Cycling/walking at low speed
Stretching exercises
Relax
Section [-] Common Problems and Injuries
The body is the best indicator. Once the body sends out a "distress" signal, please terminate or adjust the training.Here are several common problems and why they occur:
Training Injury: Inadequate warm-up or lack of proper training technique can lead to muscle injury.

Overuse Syndrome: The cause is usually exercise of a particular muscle over and over again, or the use of the wrong technique.Such problems are prone to occur in the knees, shoulders, and elbows.

Delayed onset muscle soreness: Muscle soreness that occurs 24-48 hours after exercise is called "delayed onset muscle soreness" in sports medicine.

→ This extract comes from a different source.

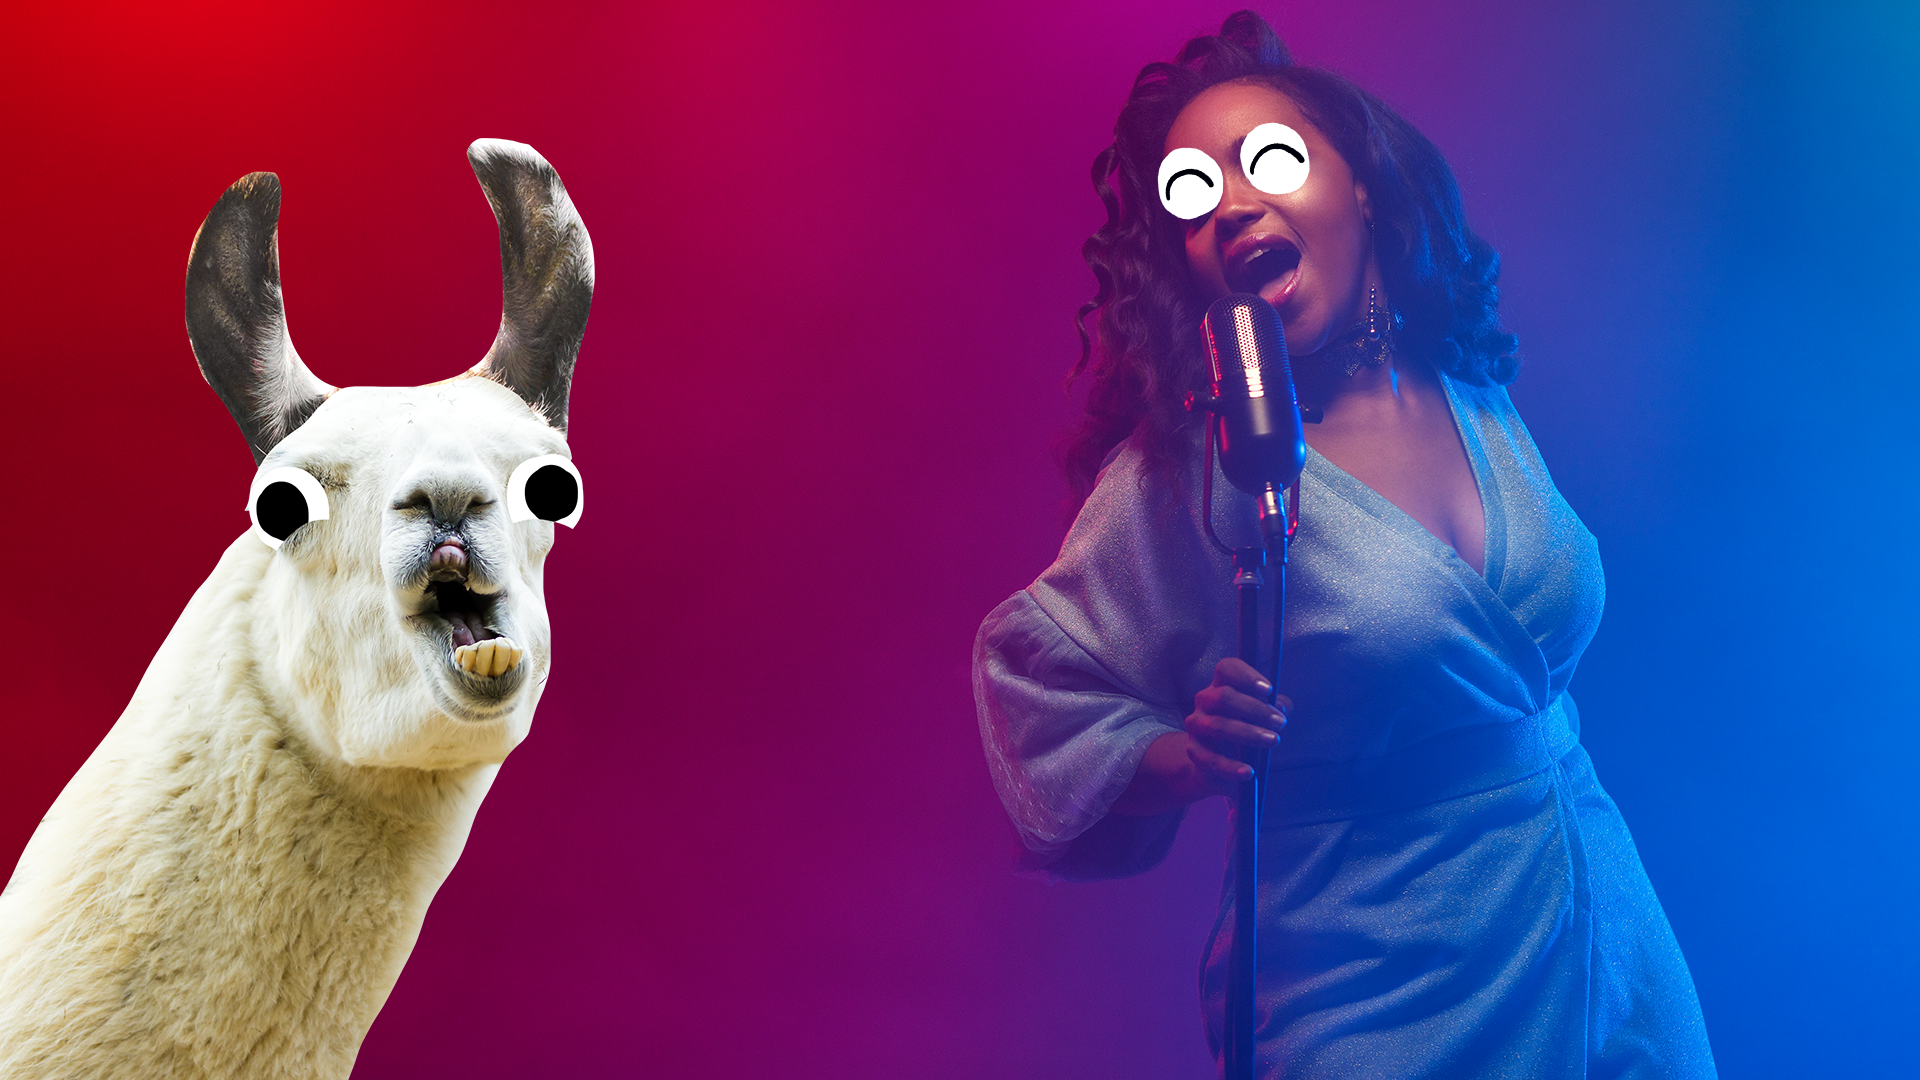 Singer on purple background with derpy llama 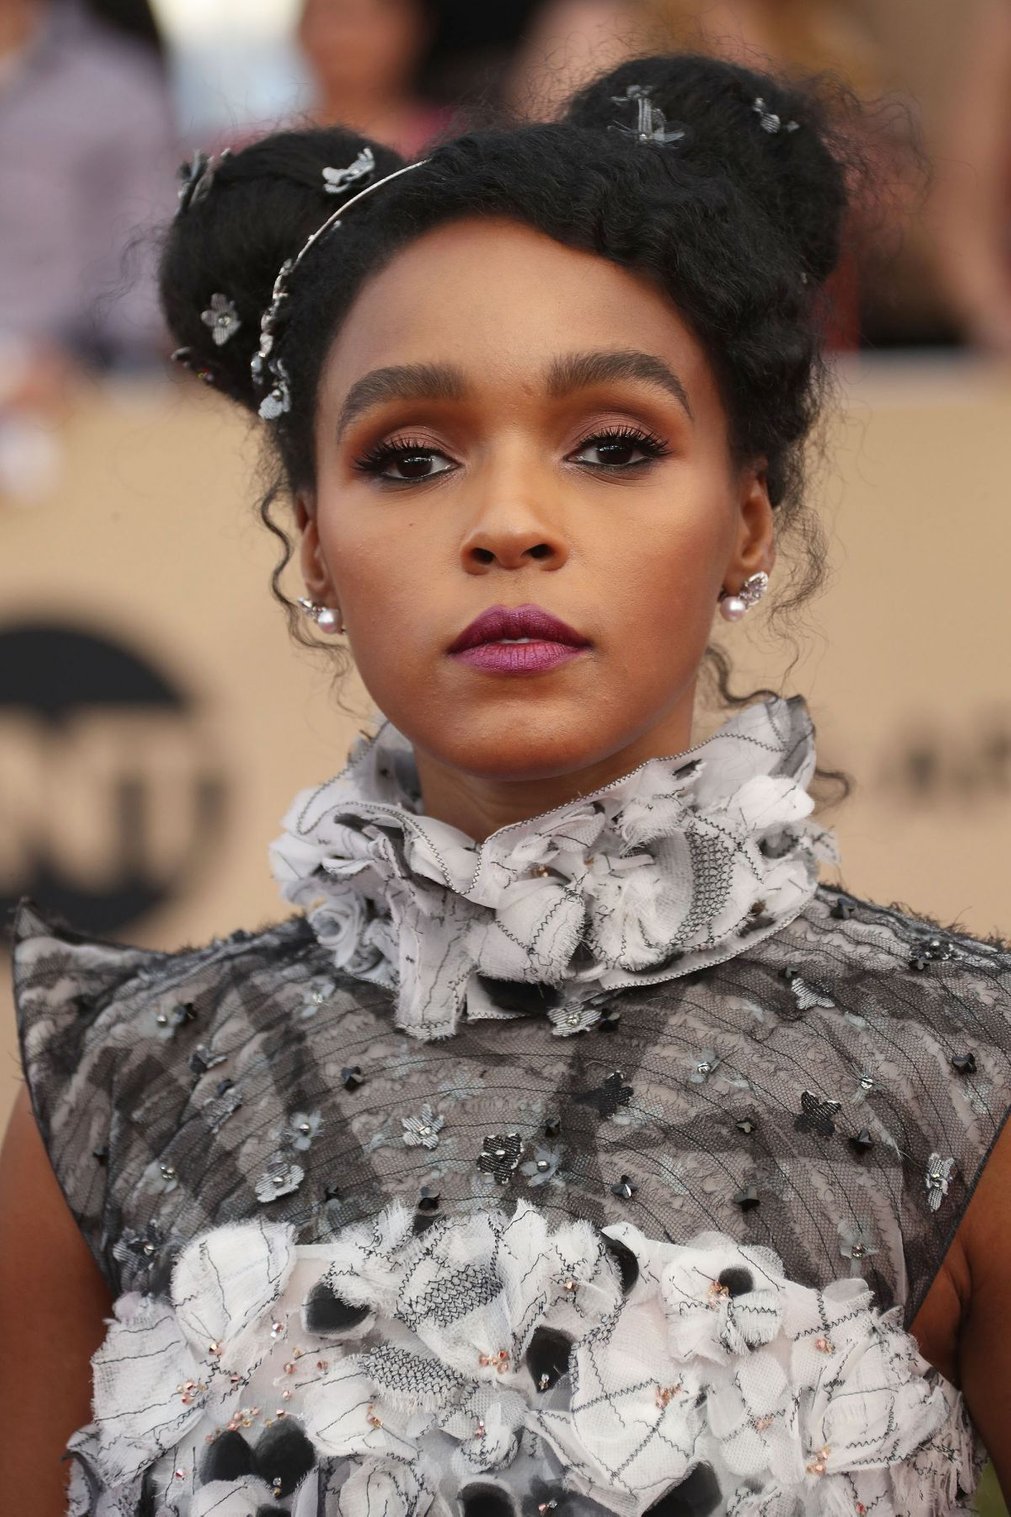 http://www.hawtcelebs.com/wp-content/uploads/2017/01/janelle-monae-at-23rd-annual-screen-actors-guild-awards-in-los-angeles-01-29-2017_1.jpg

In order to restore the body as soon as possible, it is necessary to correct wrong training techniques and adjust the training plan in time.In injury training, the correct technique should be used, the intensity should be changed appropriately, and an active recovery method should be adopted.See Chapter 12 of this book for more information.

chapter summary
Weight-bearing strength training is the basic training program for the physical training of SEALs.Carrying out weight-bearing training 2 to 3 times a week is conducive to improving the combat ability of SEALs.Trainers should be familiar with the types of combat missions SEALs perform when performing weight-bearing strength training.Trainers should do what they can and formulate a training plan that suits them, which will help avoid training injuries.Use proper weight training during recovery training to speed up skeletal muscle recovery time.According to the training principles and training plans in this chapter, trainers can formulate a balanced and scientific strength training plan based on their own conditions.Strength quality is one of the basic manifestations of human sports skills, and it is also the main element of overall physical fitness training. Trainers can improve their overall physical fitness through scientific and reasonable training.